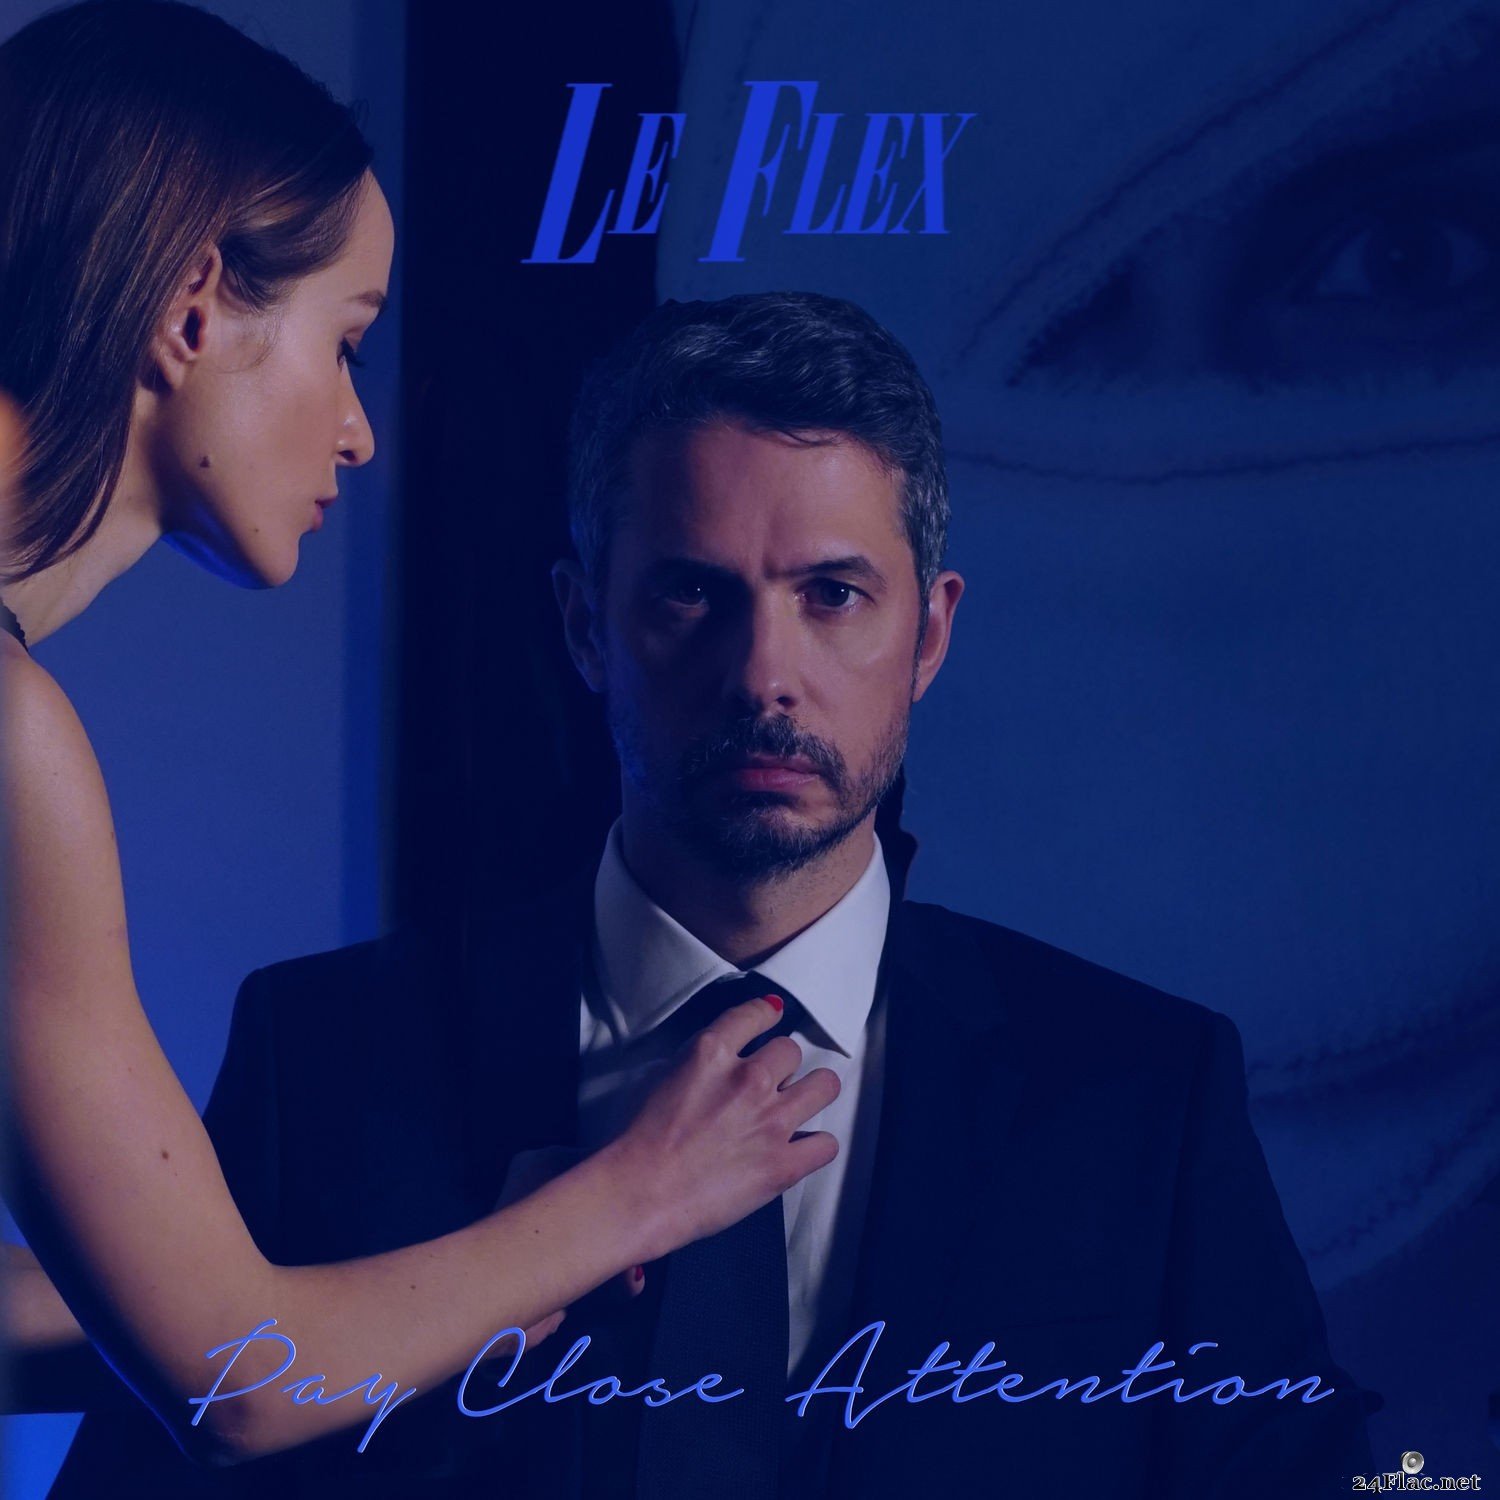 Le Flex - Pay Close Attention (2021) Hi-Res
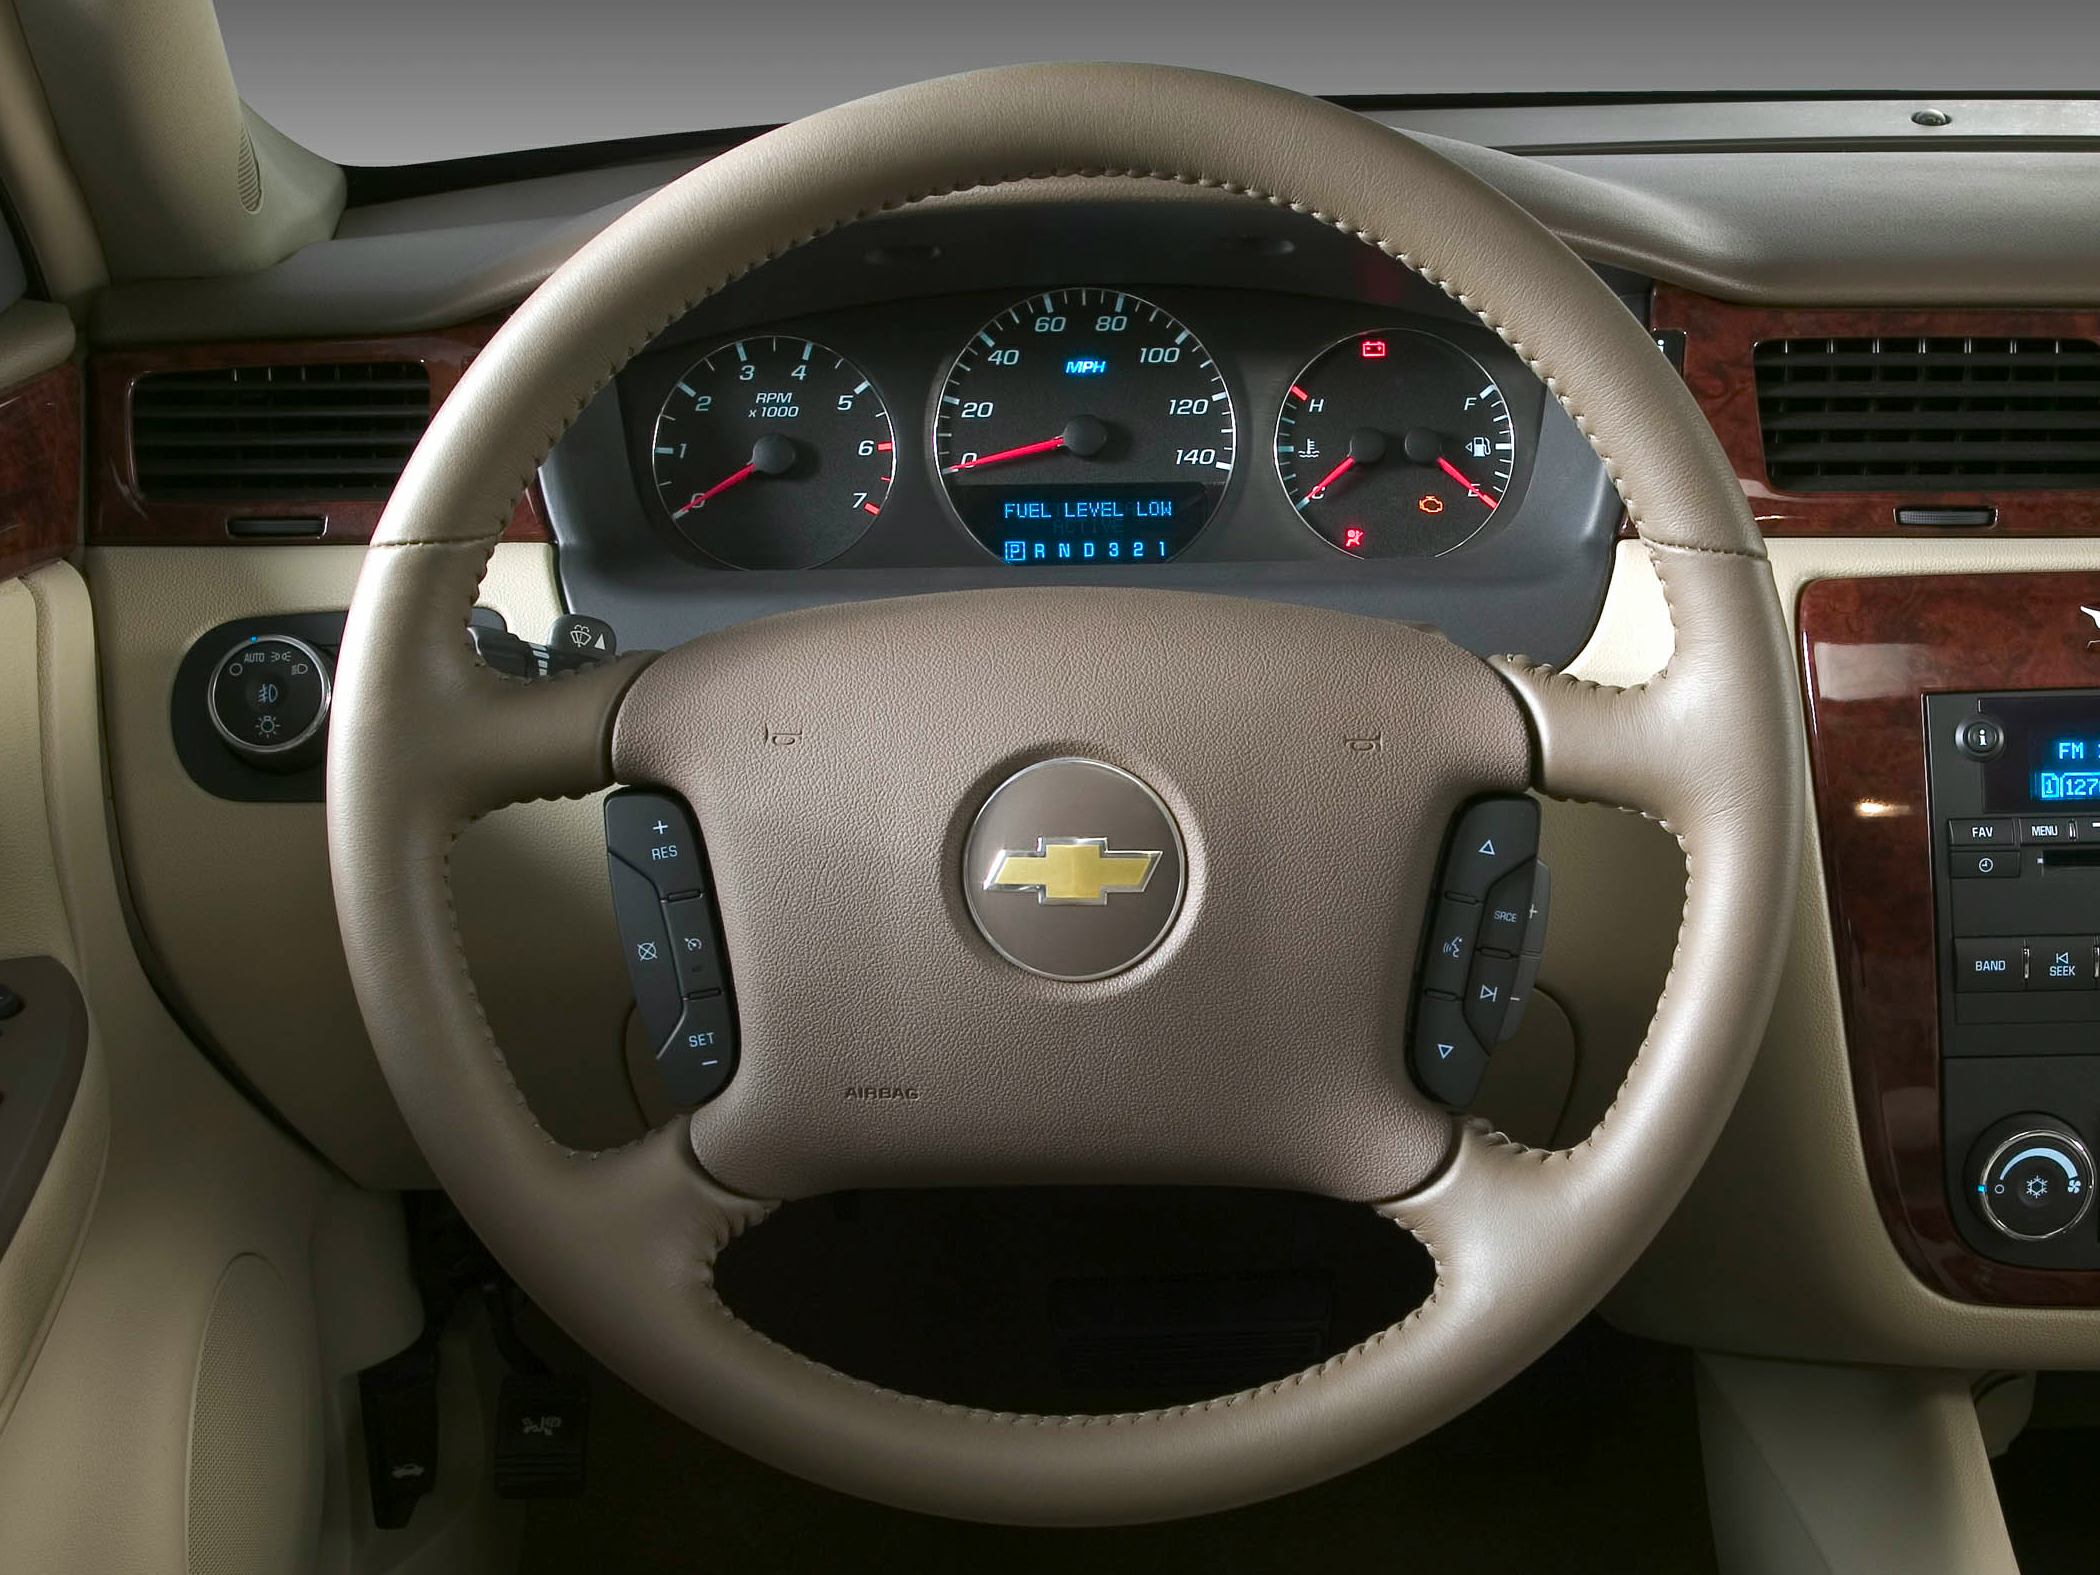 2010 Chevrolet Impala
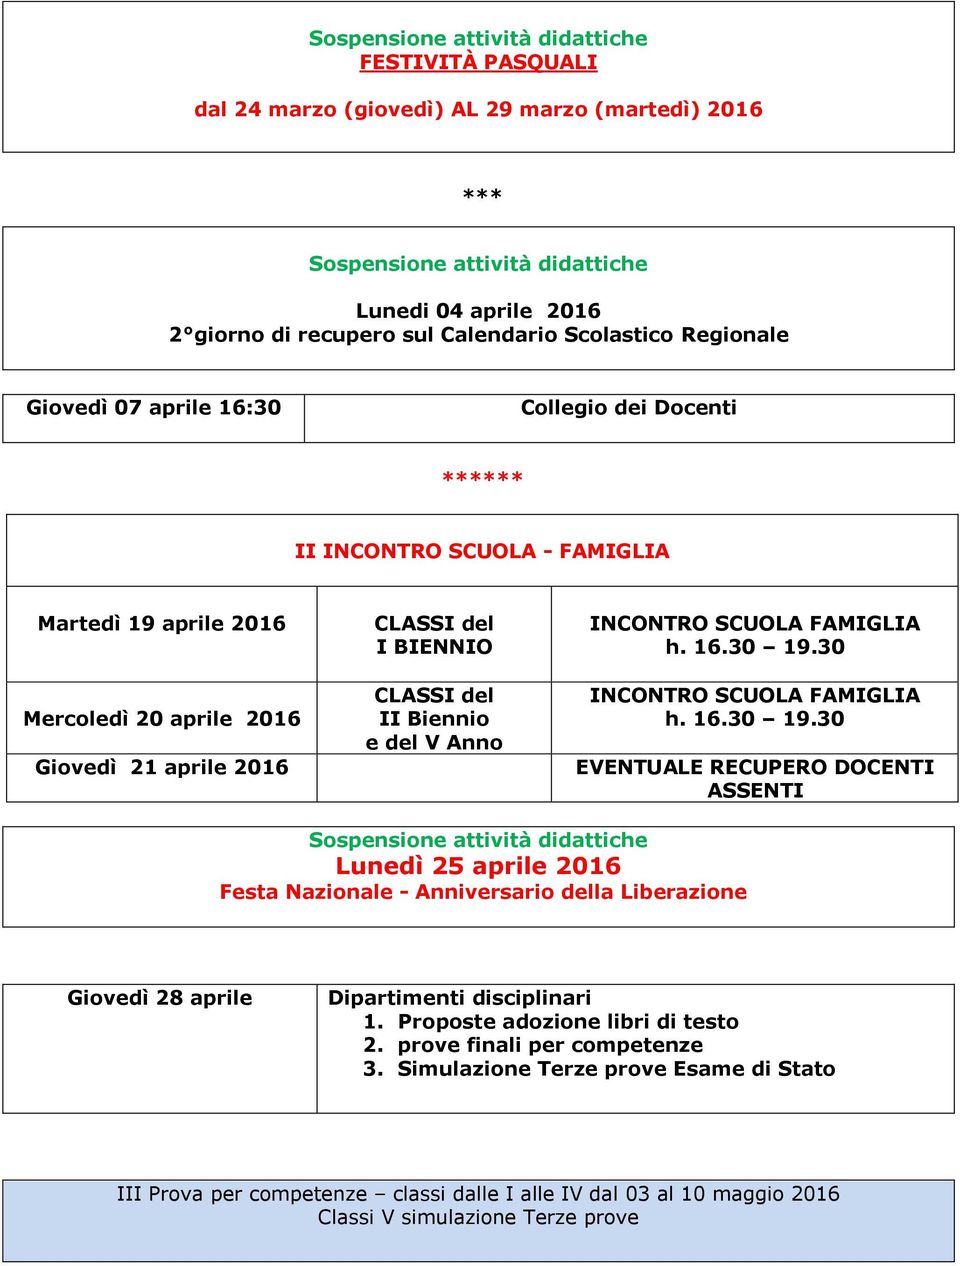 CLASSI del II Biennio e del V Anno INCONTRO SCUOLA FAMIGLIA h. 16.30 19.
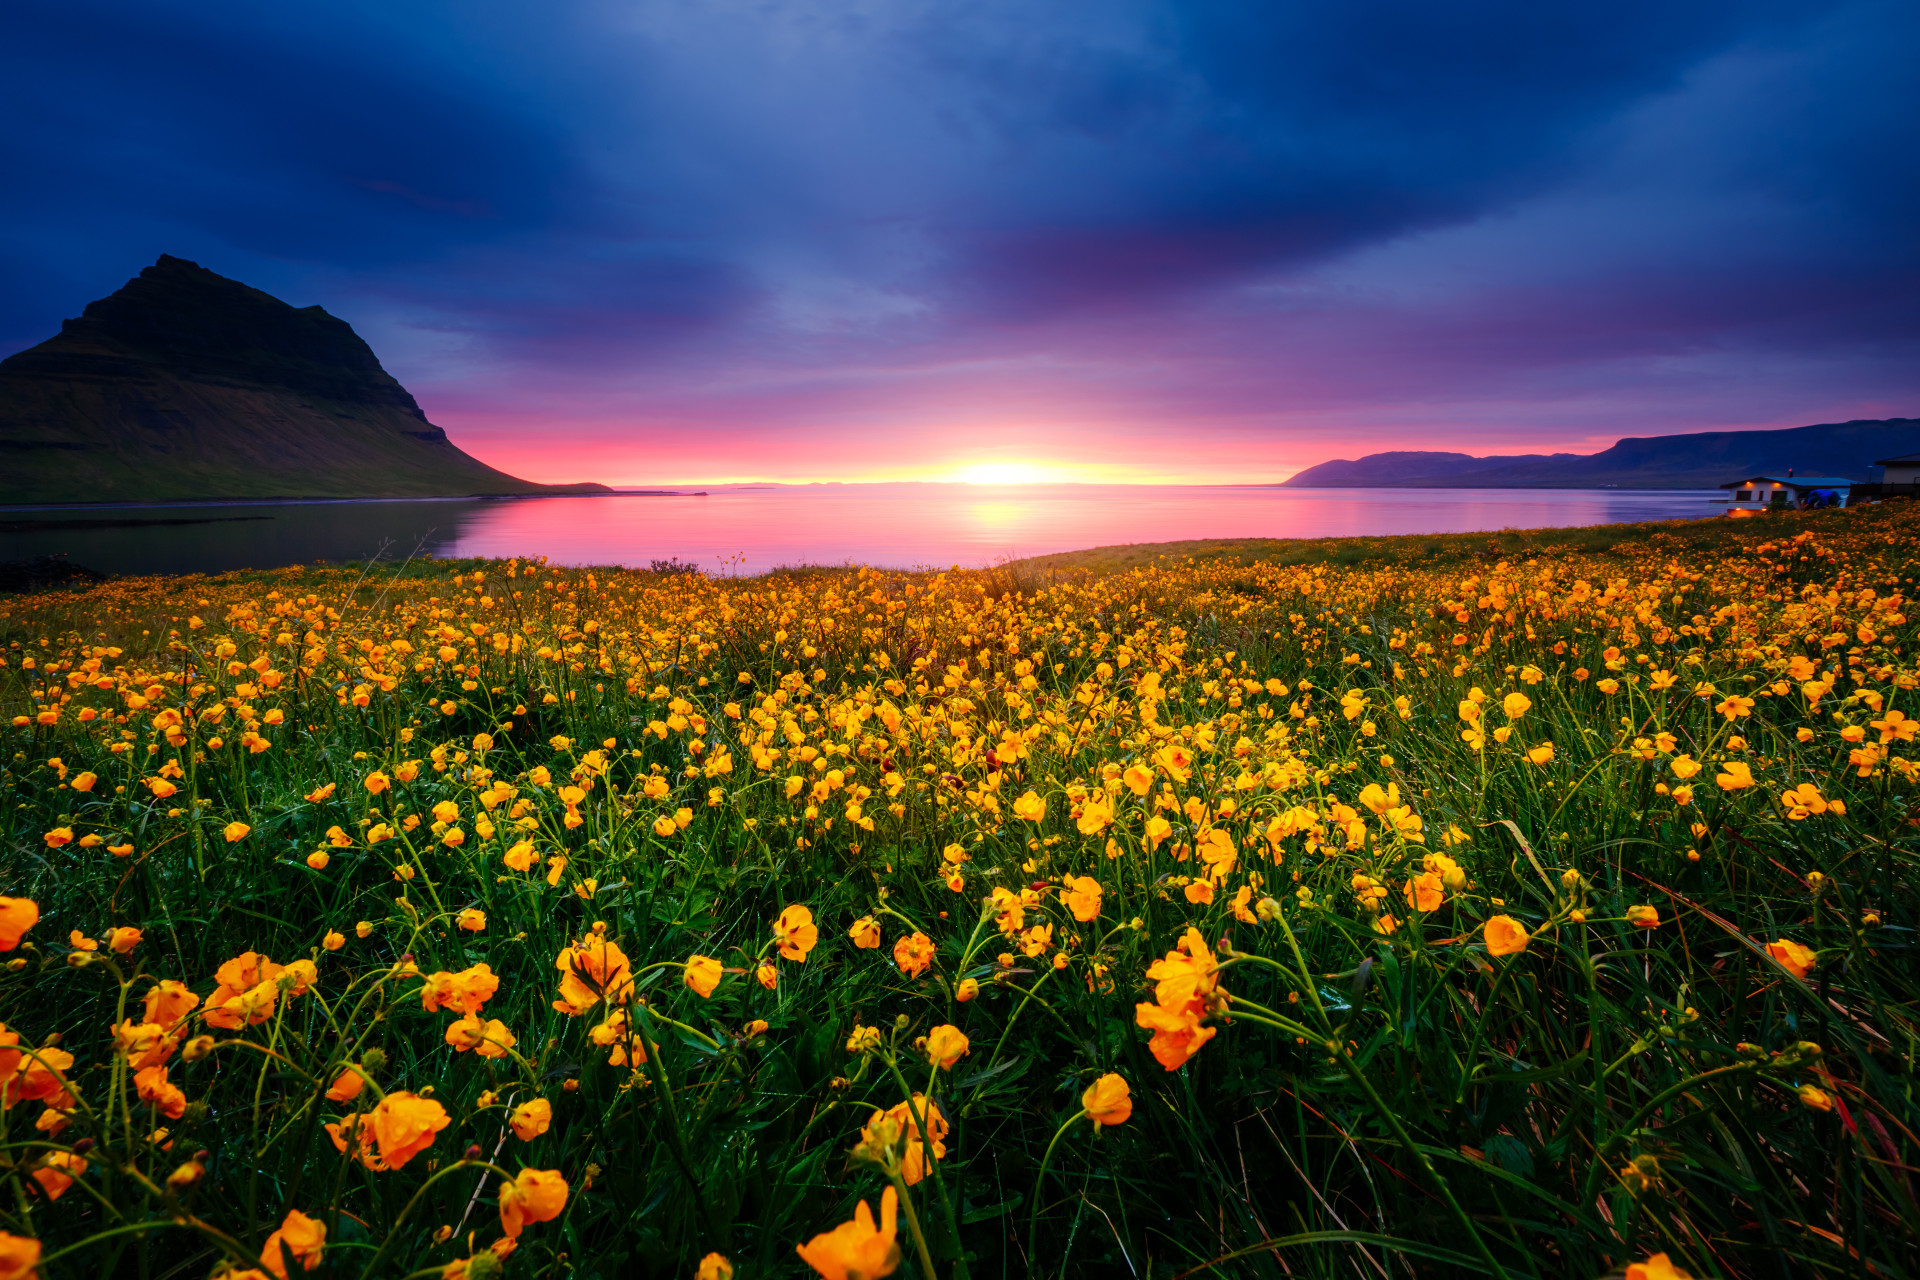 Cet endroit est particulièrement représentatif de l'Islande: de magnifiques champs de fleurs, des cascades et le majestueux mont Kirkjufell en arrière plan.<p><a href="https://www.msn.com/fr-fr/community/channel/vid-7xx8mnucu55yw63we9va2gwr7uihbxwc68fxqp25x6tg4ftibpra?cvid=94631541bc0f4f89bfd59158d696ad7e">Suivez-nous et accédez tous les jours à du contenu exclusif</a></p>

> **Problem requirements**: Starting at the line that contains "CLASSI del II", transcribe every line through the end of the listing exactly, including both end lines and excluding pictures.

> **Final answer**:
 CLASSI del II Biennio e del V Anno INCONTRO SCUOLA FAMIGLIA h. 16.30 19.
 Cet endroit est particulièrement représentatif de l'Islande: de magnifiques champs de fleurs, des cascades et le majestueux mont Kirkjufell en arrière plan.<p><a href="https://www.msn.com/fr-fr/community/channel/vid-7xx8mnucu55yw63we9va2gwr7uihbxwc68fxqp25x6tg4ftibpra?cvid=94631541bc0f4f89bfd59158d696ad7e">Suivez-nous et accédez tous les jours à du contenu exclusif</a></p>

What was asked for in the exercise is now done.